What to do: Beginning with the line of the entries below that holds "armani jeans logo" and ending with the line that holds "ArtStation - Warframe: Our", transcribe each line exactly as written. Pictures stay out.

Given records:
[Start of section]

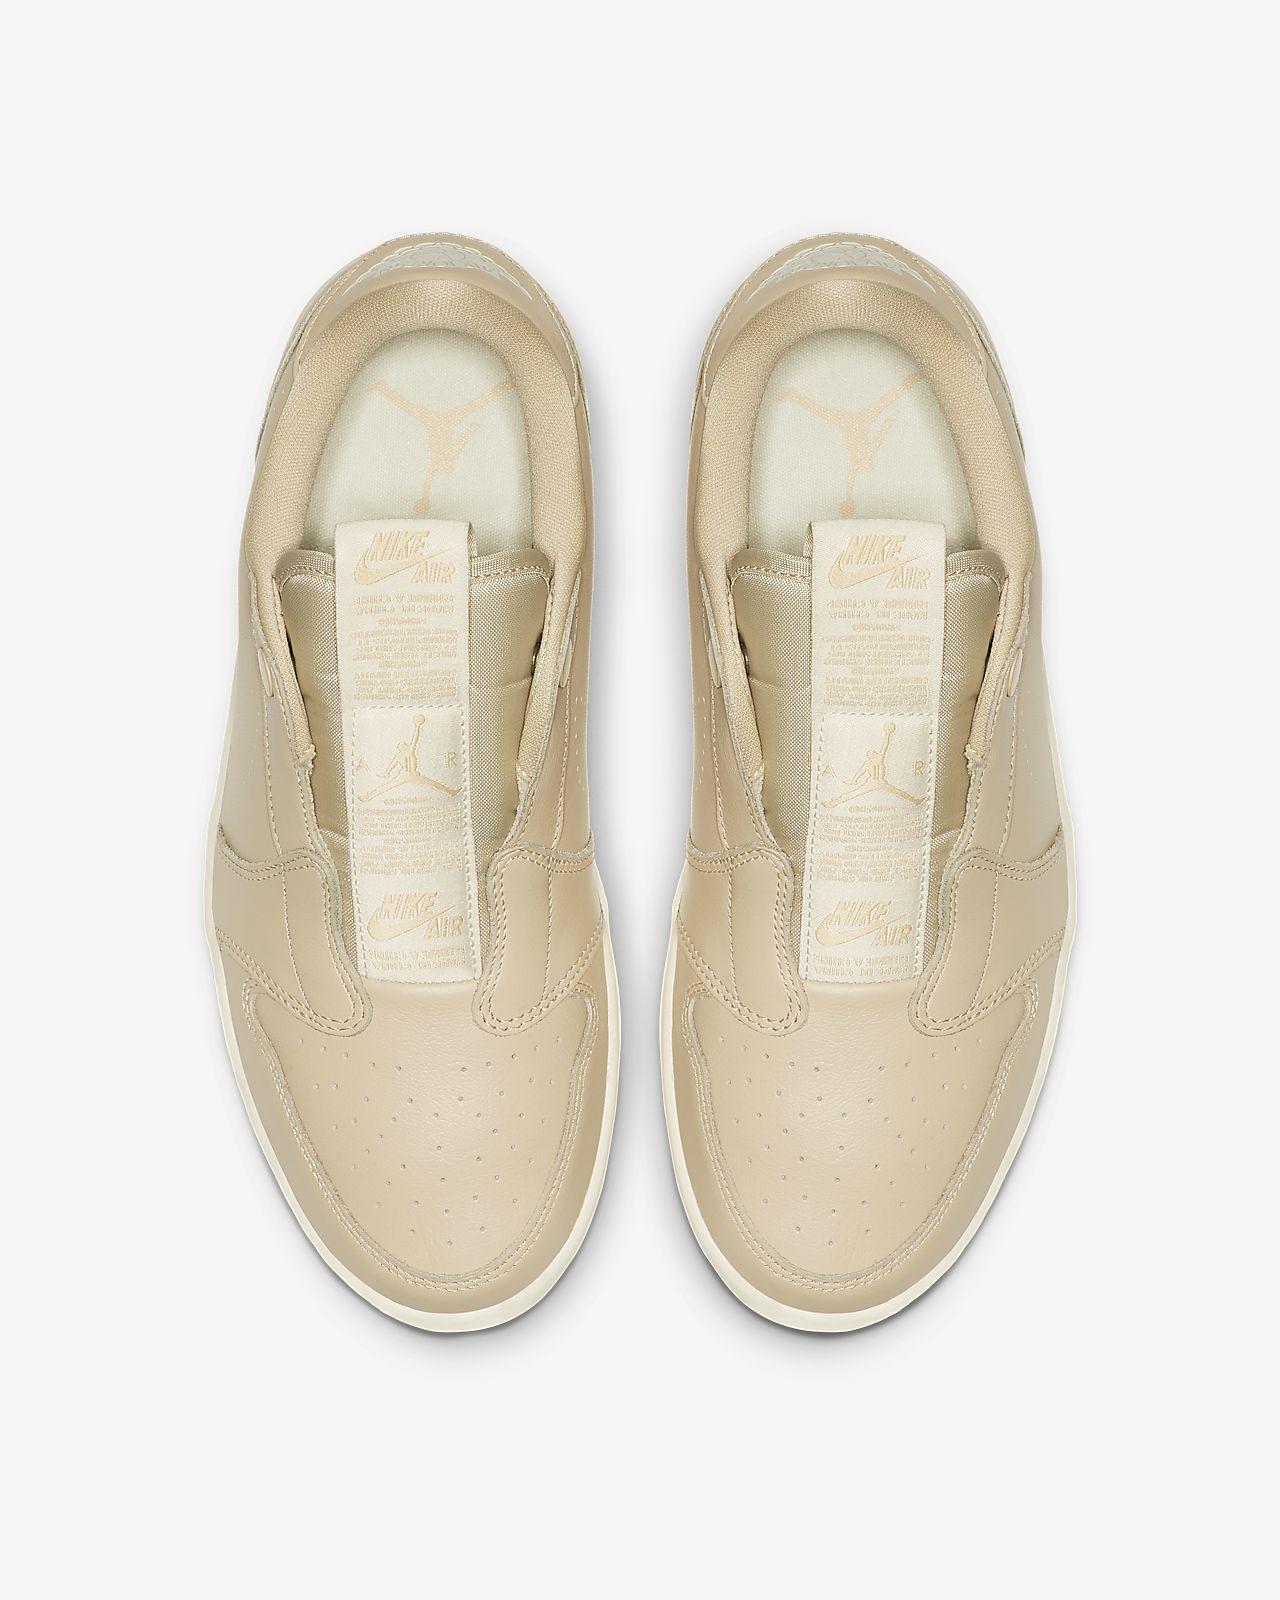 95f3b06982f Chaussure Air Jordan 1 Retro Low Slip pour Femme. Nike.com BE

[End of section]
[Start of section]

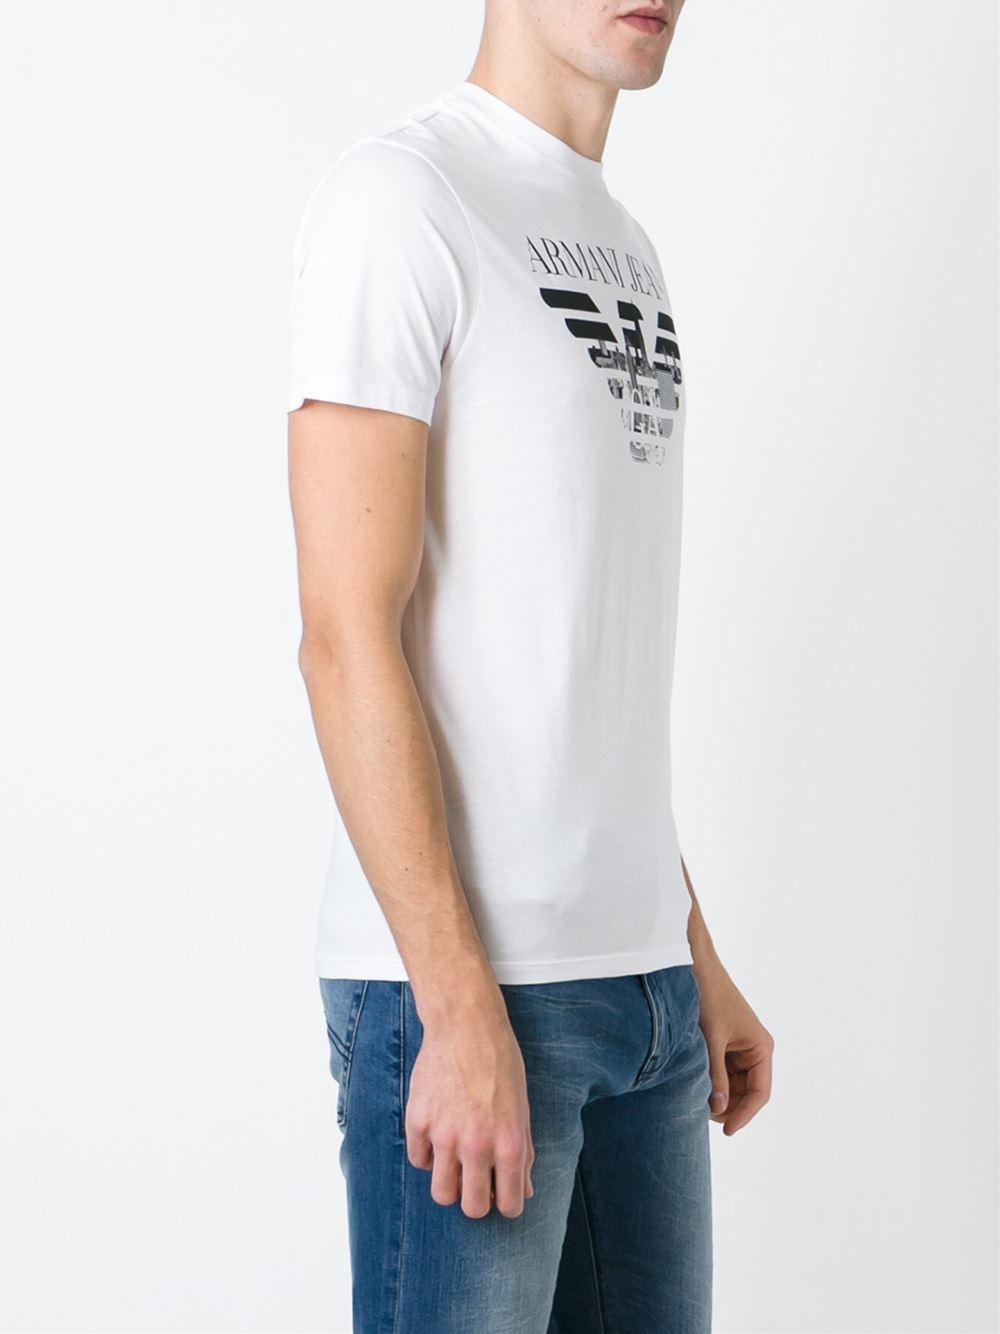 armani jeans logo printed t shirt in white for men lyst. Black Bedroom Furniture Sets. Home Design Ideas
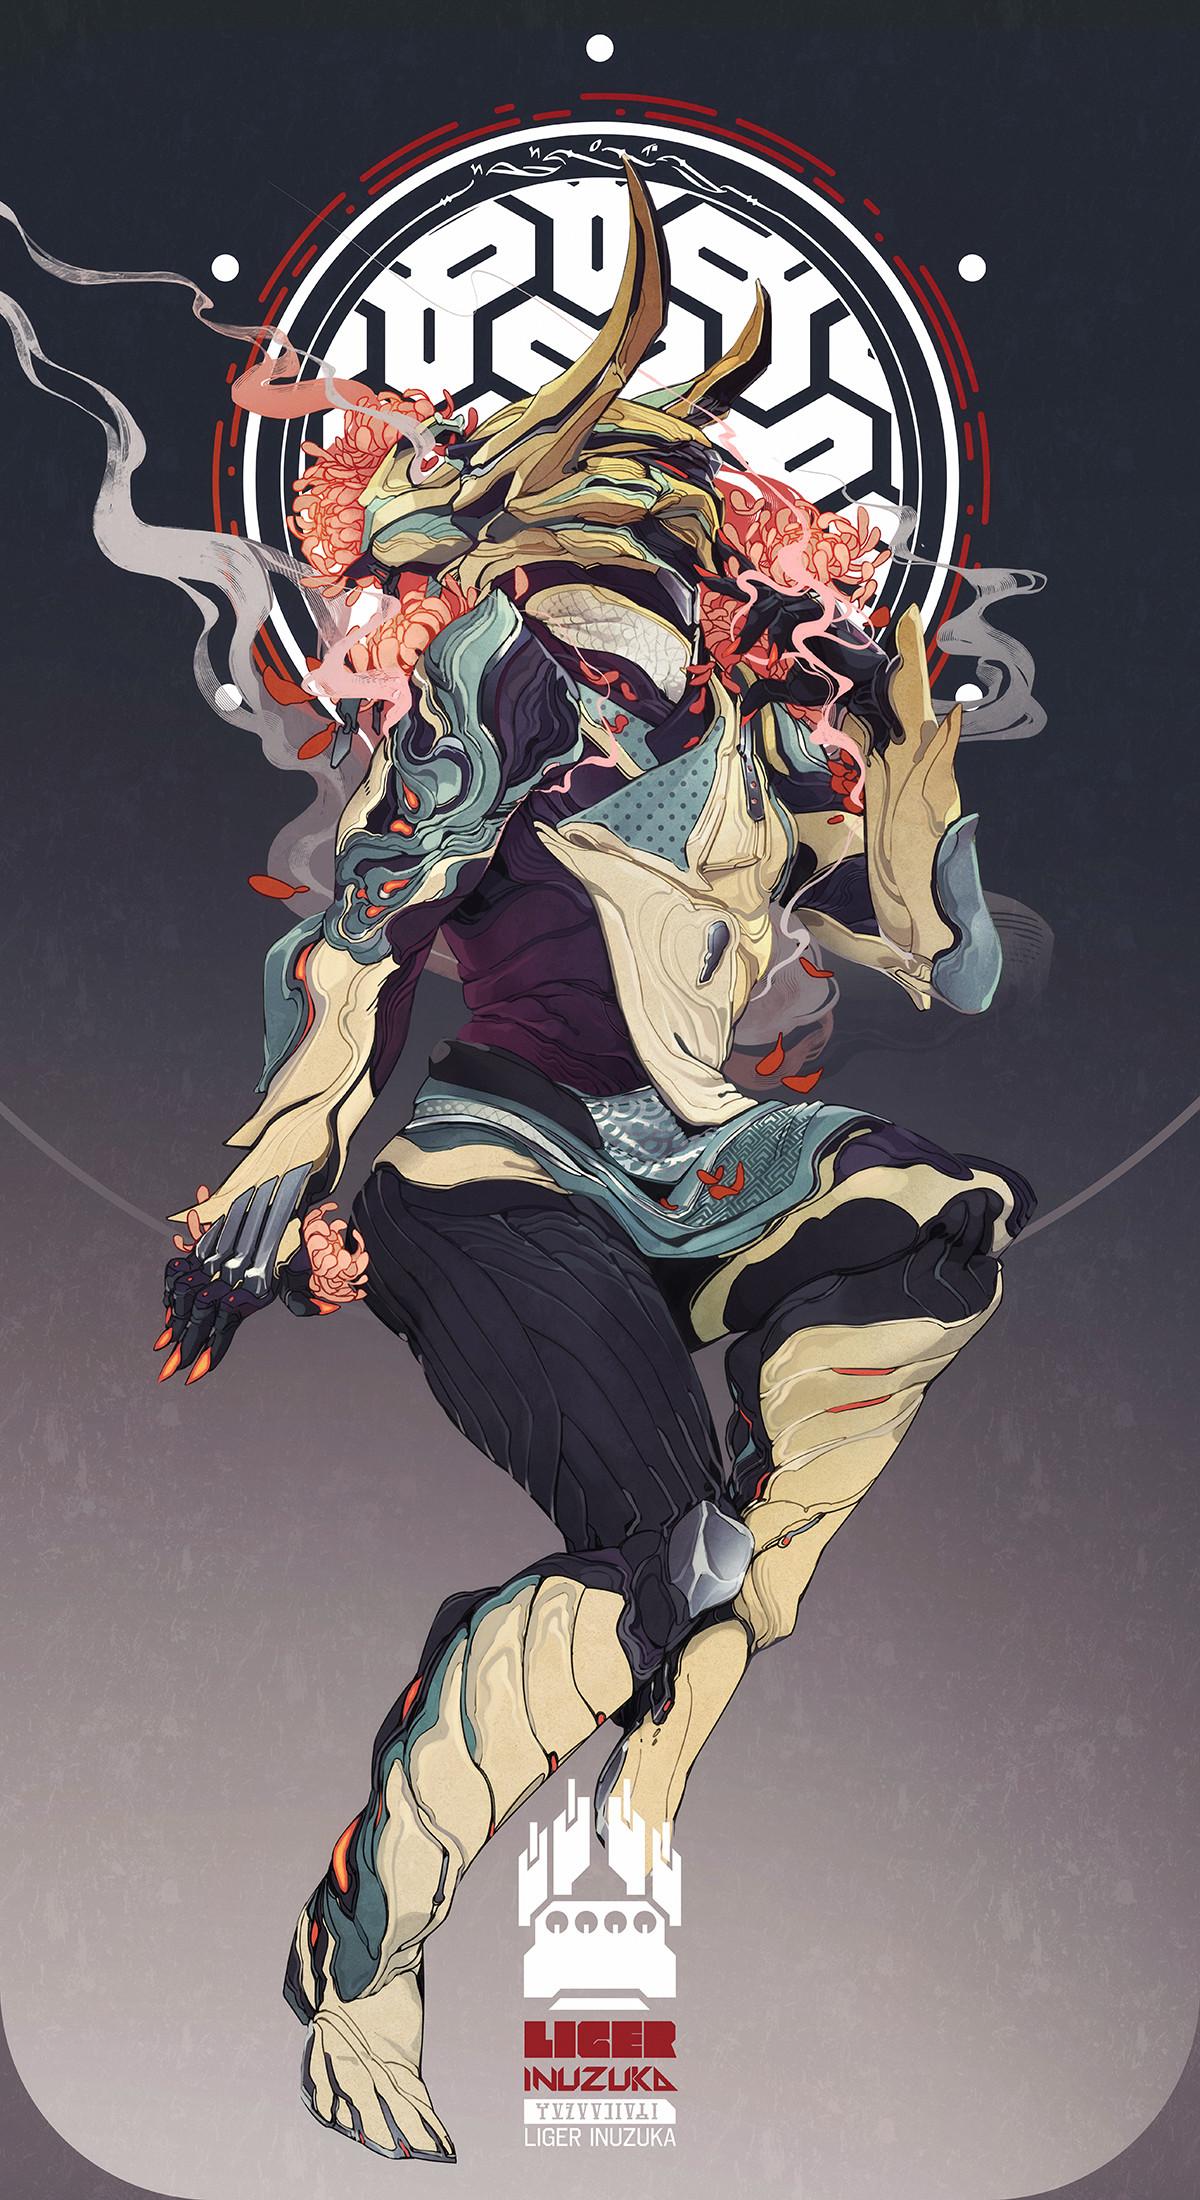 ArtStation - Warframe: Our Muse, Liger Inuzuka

[End of section]

Solution to this task:
 armani jeans logo printed t shirt in white for men lyst. Black Bedroom Furniture Sets. Home Design Ideas
 ArtStation - Warframe: Our Muse, Liger Inuzuka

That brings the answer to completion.